Ask locally for tips or purchase a copy of Norman Maceod’s Trout Fishing on Lewis when you’re in town. In his introduction, Mr Macleod writes,
‘There are in fact very few lochs on the island which do not hold brown trout. Some are overstocked and contain small trout of only a few ounces; others have fish up to several pounds. In between are the lochs with trout of 8 oz to 1 lb… This is a tremendous amount of fishing water in an island approximately forty miles in length and twenty-six miles wide.
‘The vast majority of brown trout lochs on the island are free to local and visiting anglers alike, but some estate owners reserve waters for themselves and their guests. Before setting out for a day’s fishing enquiries should be made locally.

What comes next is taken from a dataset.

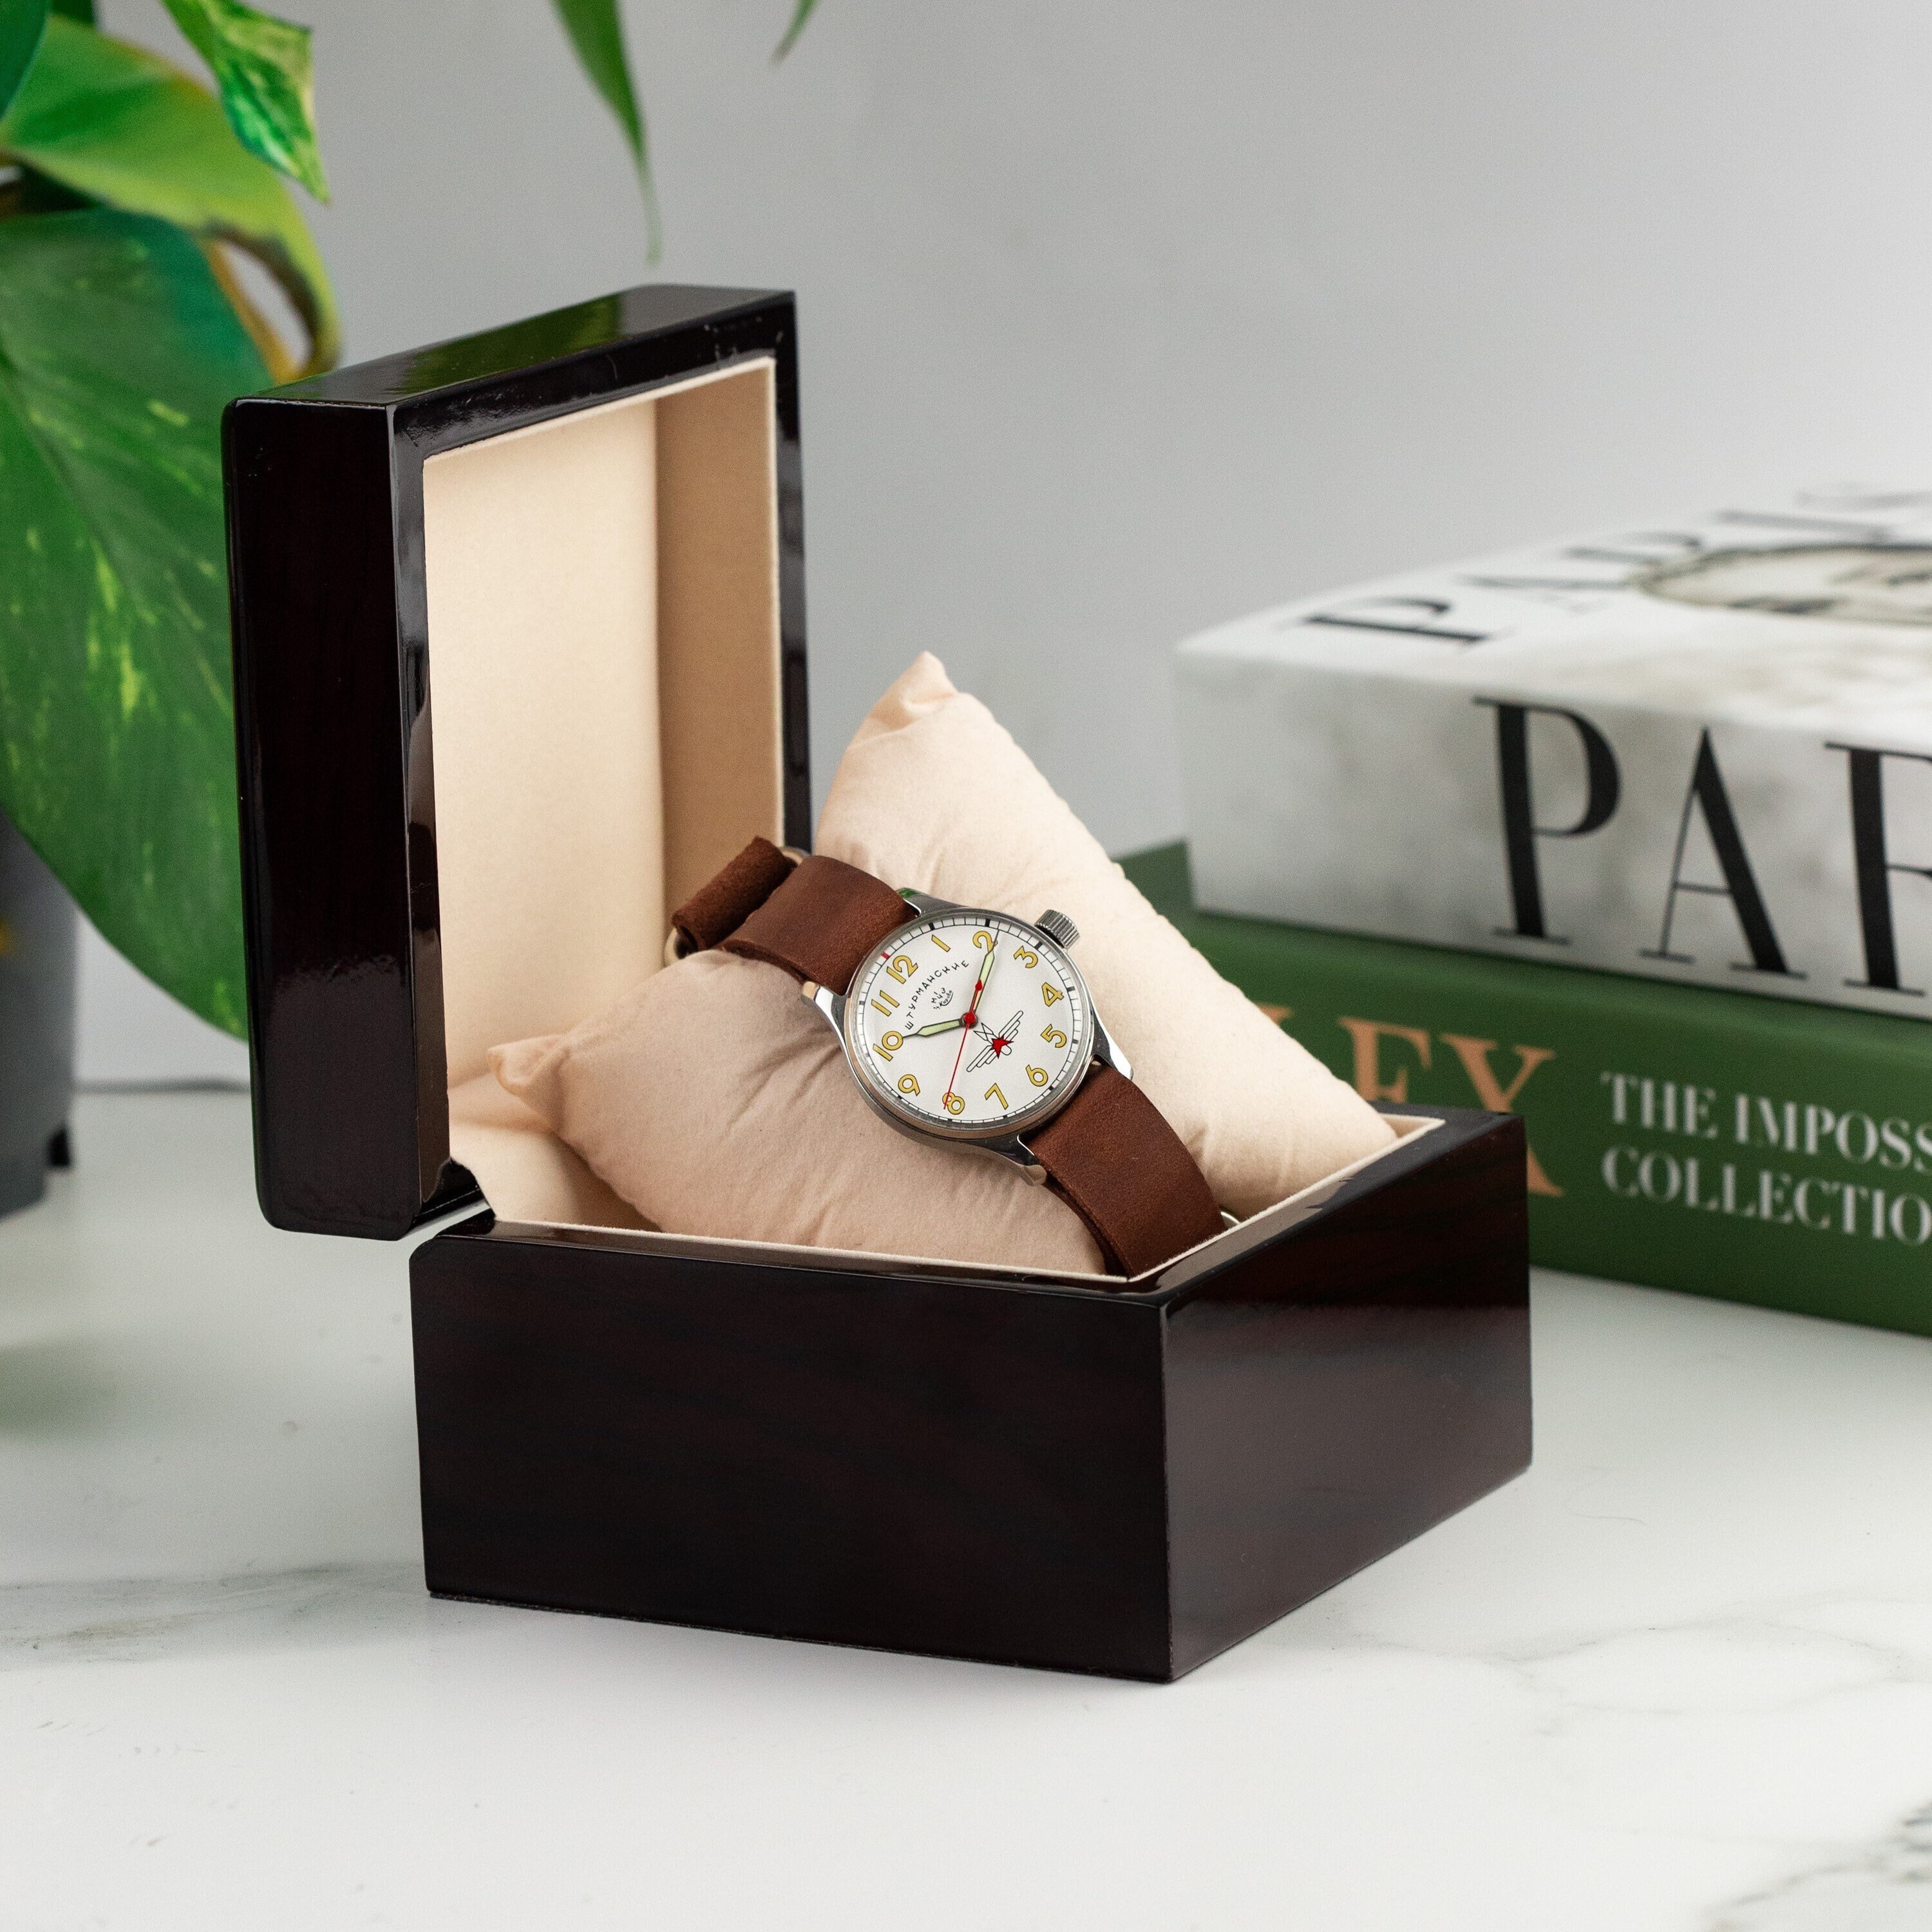 Hermes B02 Luxurious Precious Mahogany Wood Watch Box Impressive Model New!

‘The season opens on 15th March and closes on 6th October. It is very seldom that one can get trout in good condition before the middle of April. The best months for fly fishing are from the end of April until the end of June and again during the first fortnight in September. July and August are just not so good with fly, and bait or spinner may prove more productive.
‘Though Sunday fishing for brown trout is legal in Scotland, it would most certainly be looked upon with disfavor in Lewis and no local angler fishes on that day. It is expected that the visiting angler will respect local custom.
‘It is hoped that all anglers will respect the rights of the owners of the various local estates, that no litter will be left behind by the lochside and that no discarded nylon will be left whether by the waterside or on the moor. Entanglement in lengths of nylon presents a hazard both to birds and to young lambs.’
For more glamorous sport – salmon or sea-trout – it’s worth seeking a permit from the Carloway Angling Association, to fish the village river; or making private inquiry at the Garynahine estate up the road. Affordable pursuit of the silver tourists can also be had on the Cockle Ebb (Fideach Angling Association) or the stately River Creed and its lochs (Stornoway Angling Association.)
Sea-fishing can be enjoyed from many shoreline spots, or someone may take you out in a boat – make inquiries locally or check out the Stornoway Sea Angling Club’s organized trips.